Seasonal and Technological Unemployment:
Seasonal Unemployment- Certain activities such as agriculture, industries based on the processing of agricultural produce (such as sugar mills, rice-shellers, cotton-ginning units, etc.), and activities servicing agricultural production or seasonal consumer needs show a decline in activity in certain seasons.
As a result, those engaged in these activities become unemployed for the time being. The employment policy, therefore, needs to include measures for reducing the volume of seasonal unemployment. These may include:
- Promotion of multiple cropping (that is, raising more than one crop on the same piece of land in a year) by spreading irrigation, intensive use of fertilizers selective mechanization (to speed up the preparation of the soil for the second crop after the first one has been harvested), short duration varieties and relay cropping so that agricultural activity is maintained at a high level over the greater part of the year.
- Development of activities allied to agriculture such as animal husband, dairy farming, horticulture, and fish culture, to provide extra employment to the agricultural labor force throughout the year.
- Carrying out the Plan programmes of public investment in rural areas in such fields as irrigation, drainage, flood control, land, and environment improvement, rural roads, schools, hospitals, community building afforestation on public lands, and residential housing and amenities for the rural poor mostly in the slack agricultural seasons.
- Promotion of on-farm investment, an overhaul of machinery, training of farm labor, and programmes for the eradication of illiteracy during slack seasons.
- Mechanization of peak season activities so that a proportion of the labor Force is permanently shifted from agriculture to non-seasonal activities and surplus labor in the slack season is reduced.
- Establishment of a variety of industries which operate at different times of the year so that labor may be kept employed almost throughout the year by shifting from one season industry to another.

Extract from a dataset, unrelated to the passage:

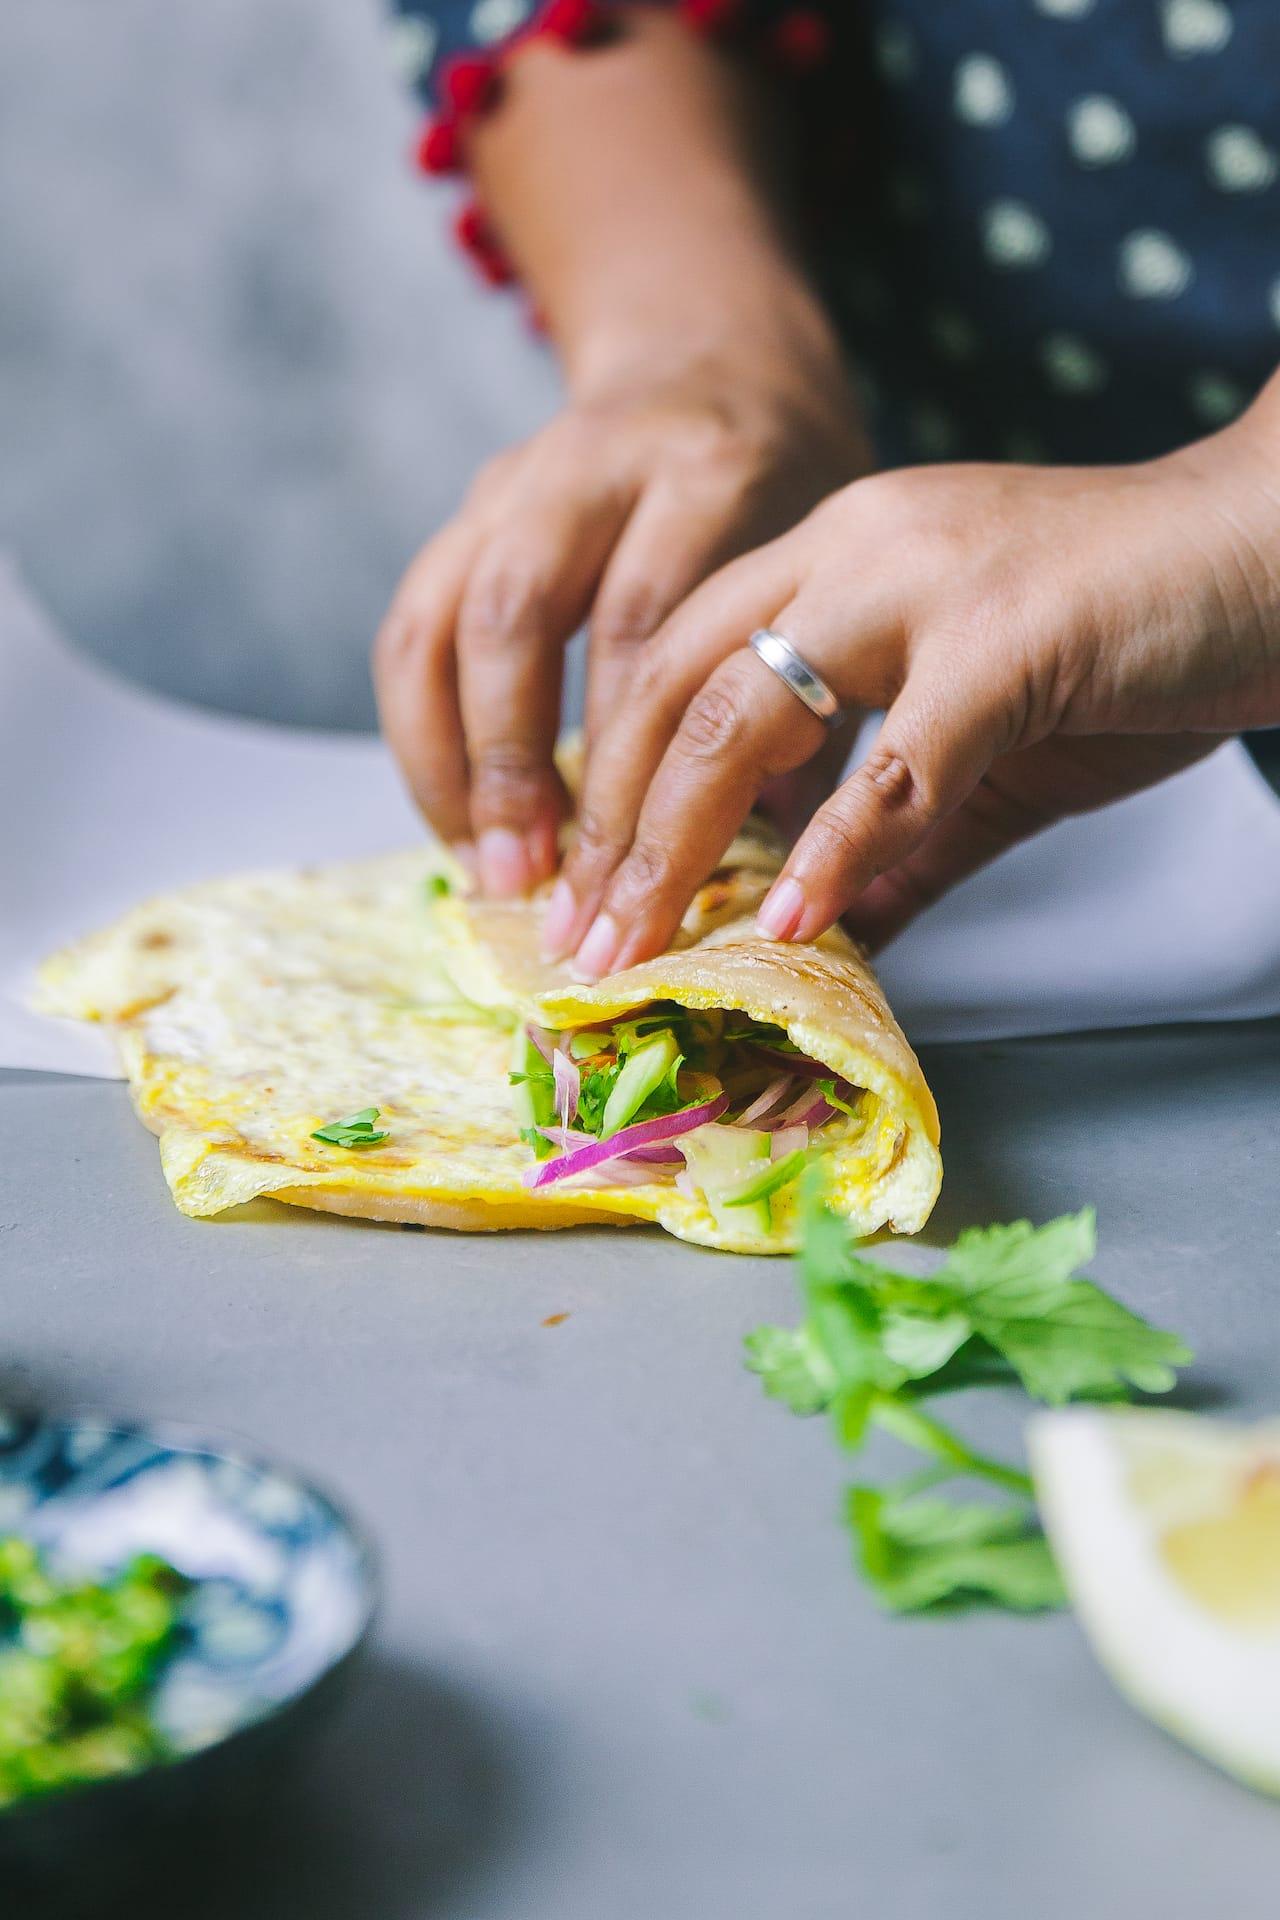 Indian street food made easy at home! #eggroll #foodpotography #kolkata #wrap #vegetarain

Technological Unemployment- In an economy that is undergoing considerable technological change, some technological unemployment is inevitable. This term refers to persons who have been put out of work by the introduction of superior technology in their area of operation. For instance, truck and bus transport may render idle numerous operators of hand-pulled or animal-drawn vehicles; a textile mill or a rice-sheller may put out of work numerous handloom weavers or hand pounders; and an electric saw may result in unemployment of the many who were previously employed in manual sawing of timber. In most such cases, it may not be a proper solution to the problem to put back the clock of technological and economic progress by forcing a return to the old technology by taxing modern units and subsidizing old units, or by just banning or administratively limiting technologically advanced units. Instead, the proper solution would be to retrain the persons rendered idle by technological progress for employment in technologically superior units or elsewhere in the economy.